Gegenstand:

Rechnungsprüfung bei freien Trägern der Jugendhilfe 

Einleitung: Sehr geehrter Herr Oberbürgermeister,

Das Rechnungsprüfungsamt kritisiert freie Träger der Jugendhilfe, die mit öffentlichen Mitteln arbeiten, aber Rechnungsprüfern keinen Einblick in ihre Bücher gestatten wollen. Unter anderem erklärte dazu Bildungsbürgermeister Hartmut Vorjohann (CDU) wird im DNN-Sommerinterview (am 06.07.17 veröffentlicht): „Ich bin eindeutig dafür, dass Transparenz herrscht".

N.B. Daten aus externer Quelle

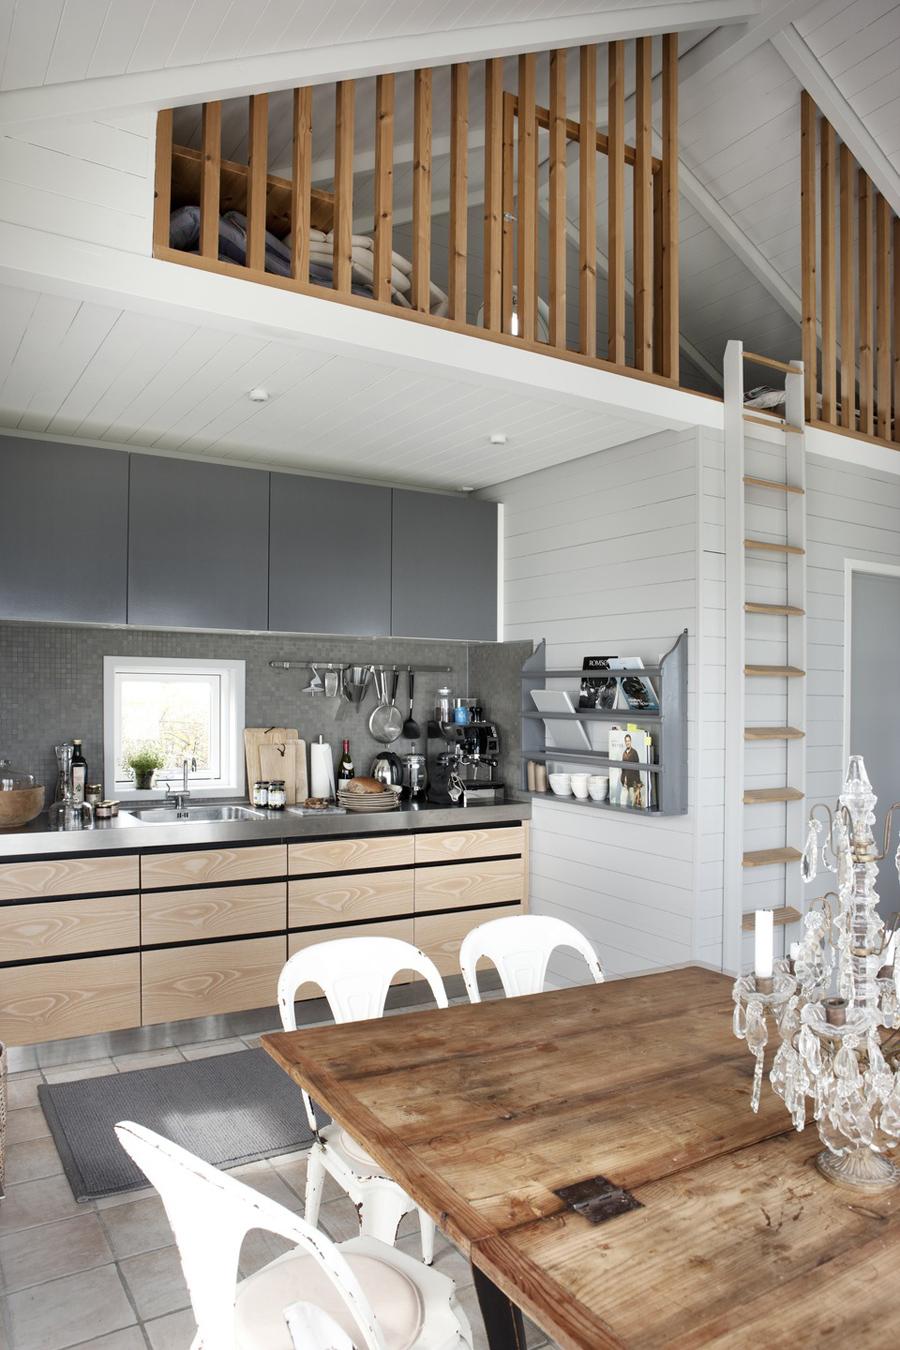 15 bellissime idee per il soppalco. Black Bedroom Furniture Sets. Home Design Ideas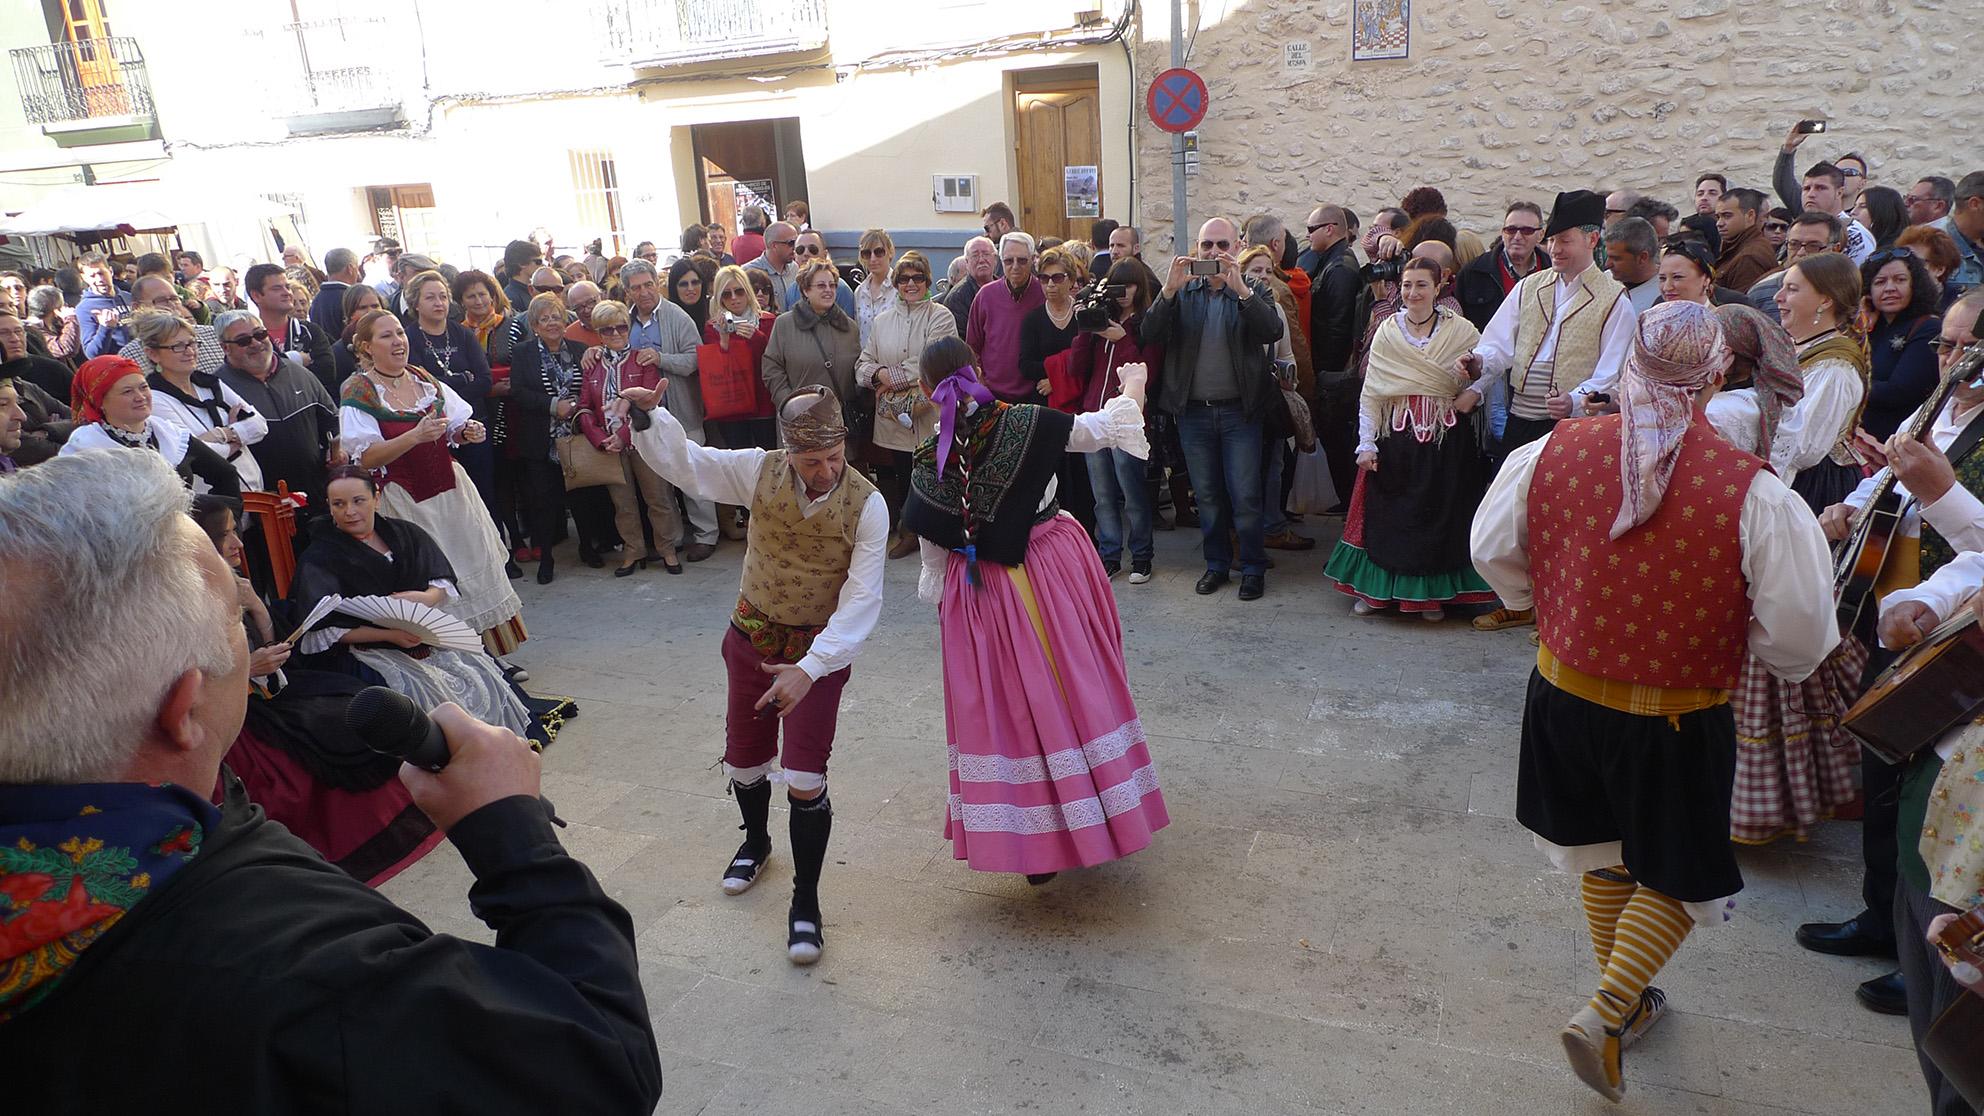 2014-02-23 - Baladre a Fira St. Marcia-ROTOVA (11)

Dazu habe ich folgende Fragen: 

Fragen:

  1. In welcher Höhe erhielten Träger der Jugendhilfe seit 2014 städtische Zuschüsse und wie hoch prognostiziert die Stadt die Zuschüsse für das Jahr 2017?
  2. Welche Träger der Jugendhilfe (unter 1), die städtische Zuschüsse erhalten, verweigern bzw. verweigerten den Rechnungsprüfern Einblick in ihre Bücher und wenn, aus welchen Gründen?
  3. Wurden die Träger der Jugendhilfe, die Einblick in ihre Bücher verweigerten, von Wirtschaftsprüfungsgesellschaften geprüft? Falls ja, um welche Wirtschaftsprüfungsgesellschaften bei welchem Träger der Jugendhilfe handelt(e) es sich? 
  4. Welche Maßnahmen sind seinerzeit durch den ehemaligen Finanzbürgermeister, Herrn Vorjohann, und werden aktuell durch Finanzbürgermeister Dr. Lames angestrengt, um dem wichtigen Anliegen der Transparenz städtischer Zuschüsse an freien Trägern der Jugendhilfe gerecht zu werden? 
  5. Welcher künftige Umgang ist mit Trägern der Jugendhilfe geplant bzw. vorgesehen, die sich weiterhin weigern, Einblick in ihre Bücher zu geben bzw. autorisierte Wirtschaftsprüfungsberichte, GuV, Bilanzen etc. unter Verschluss halten?